We figured out a way to get fence across the drive so we can work the cows carefully around the fruit trees. The grass is pretty good over there, and we need all the grass we can get. I sure hope the pasture improves quickly.

I harvested the pumpkins. It's early, but we needed them out of the way for the cow to graze. I'm not sure how well they'll store when picked this early, but we'll let them cure at least a month and then decide whether to store them whole or puree and dry them.

We killed two chickens. We actually killed two two weeks ago. Then, it was because I am sick to death of them pecking eggs. We had seven older hens, but they were pecking one or two eggs every day. Also, one of them layed an egg with a soft part that cracked if it got stepped on. I think once that one was open, the hens got the idea to open a few more. I finally caught one in the act two weeks ago, so we killed her and the one I thought was responsible for the soft-tipped egg. Since then, we have had one or two pecked eggs total and no more soft eggs. Those ladies were getting a bit aged, so they went into pot pie. The two we killed today were meat birds (read: heavier) and we fried them. Yum! Company joined us for dinner.

We had a burn pile this morning from the bits of wood we hauled out of the barn. That's always fun.

We ate dinner last night at Parker Pie. If you ever come visit, we'll at least drive out there. It must be one of the prettiest drives I know of. It is not startlingly pretty; it's all soft edges and wide views and mountains in the distance. There are long shadows and small lakes and not very many people. Usually, when we go there, we run into at least a couple of people we know, but lastnight, we did not see anyone. There were some out-of-staters complaining about the atmosphere. But the atmosphere is what makes it feel so Vermont to me. It's this pizza place attached to a convenience store. We even get our sodas at the store so that we can have the cane sugar, no dye kind. Then, there's this patched screen door and not many tables and grass and another couple of tables outside. It is, notably, fly season in Vermont. That means millions of flies and they all want in the house or building so that they can fly around your head and land on your legs. It's part of the charm. I guess they don't have flies in Massachusetts.

And that's what we did this weekend. Not bad- but not much to show for it.

Thursday, September 2, 2010

How Did the "Plan" Work Out?

I started this growing season with many great theories and not much experience.

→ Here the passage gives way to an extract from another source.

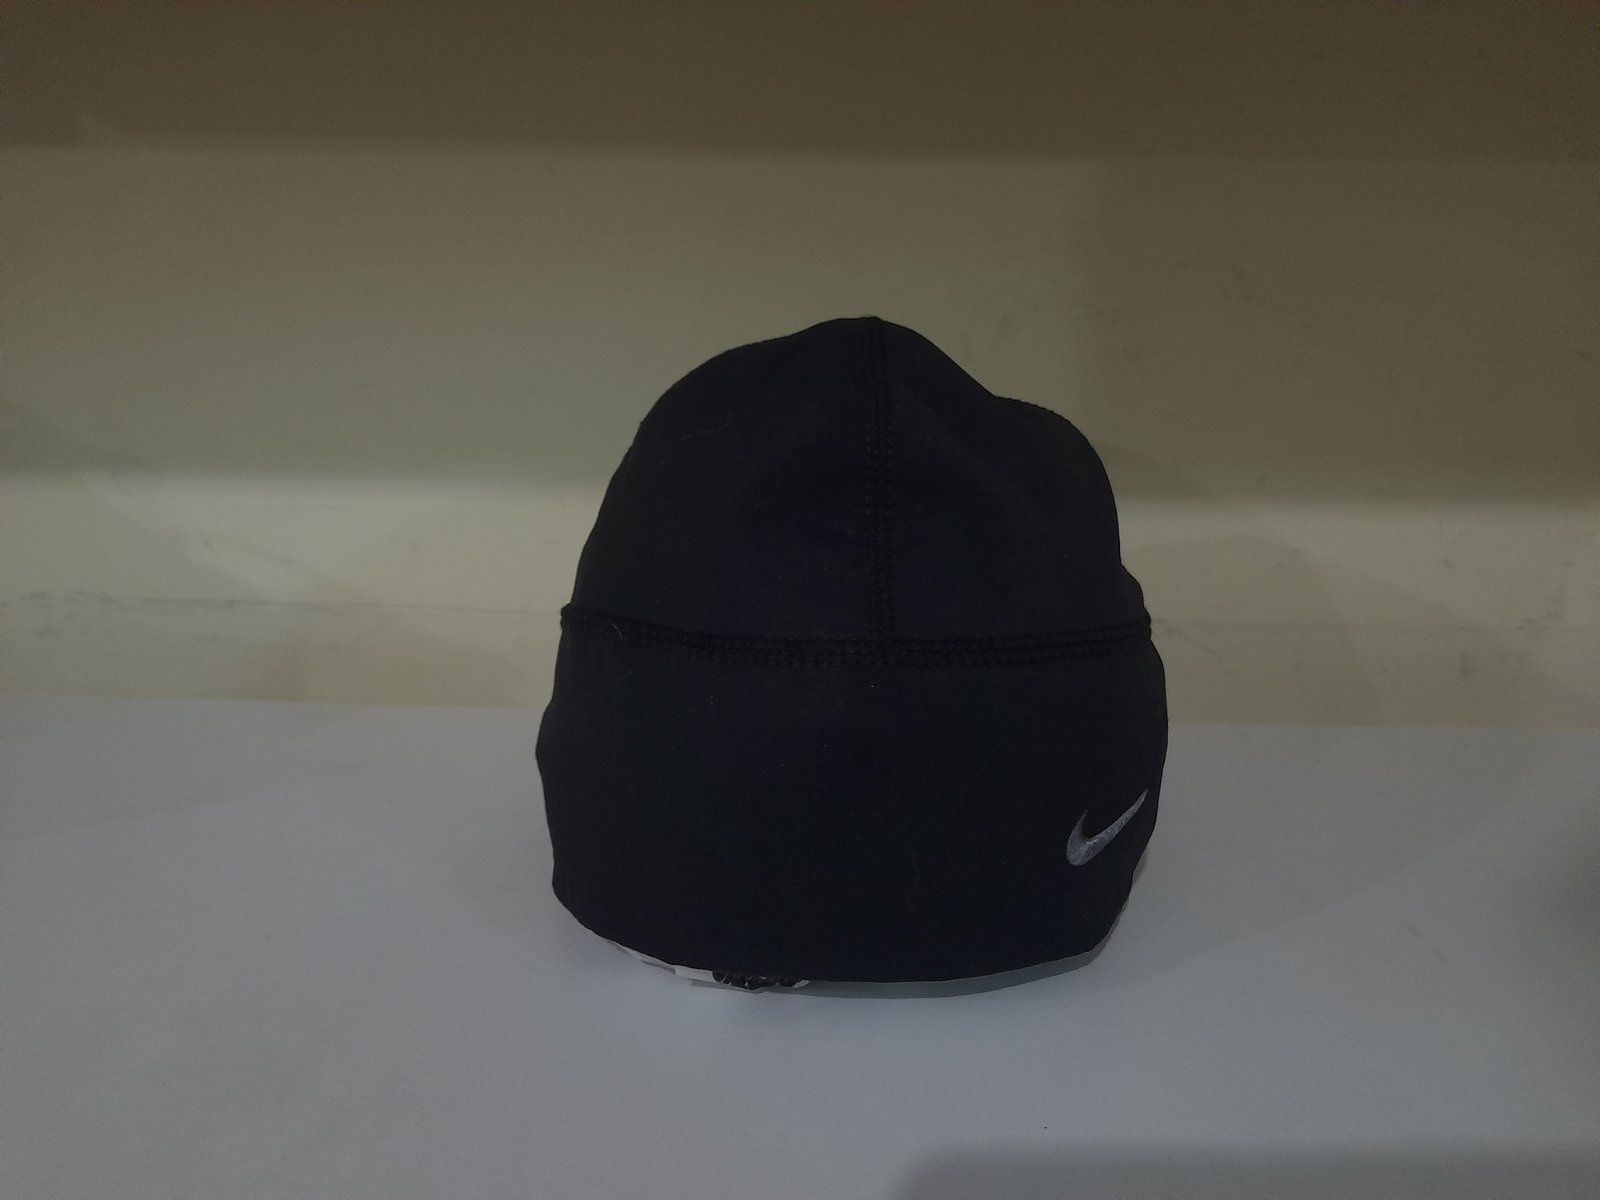 Оригинал Nike спортиная шапка черная унисекс идеал

For once, these theories still look pretty good after a little experience to try them out.

The sheet mulching worked well. I did have to weed some, but it did not take me hours and hours. As we begin to harvest and clear out the plants that have gone by, I can see how grass has crept in places. It's been a small matter to pull it out and plant my oat cover crop. On the other hand, our root crops did not like the sheet mulch much. There are places where the soil acted completely different from other places, and I cannot explain why. So, for now, I'll put in the cover crop and continue to sheet mulch the places that I just could not get to last year.

What I'm doing is this- The feed sacks are paper, and we get a couple of small newspapers weekly and we get a box now and then, and as these things are ready for the trash, I instead put them in the garden. I'm throwing the straw from our straw bale brooder on top of this.

One thing that was definitely a bad idea was putting the litter from the brooders straight into the garden paths. Maggots grew in that so fast and it smelled so horrible. Interestingly, just a sprinkle of compost over this bad idea made decomposition get going faster than the maggots and the problem was solved.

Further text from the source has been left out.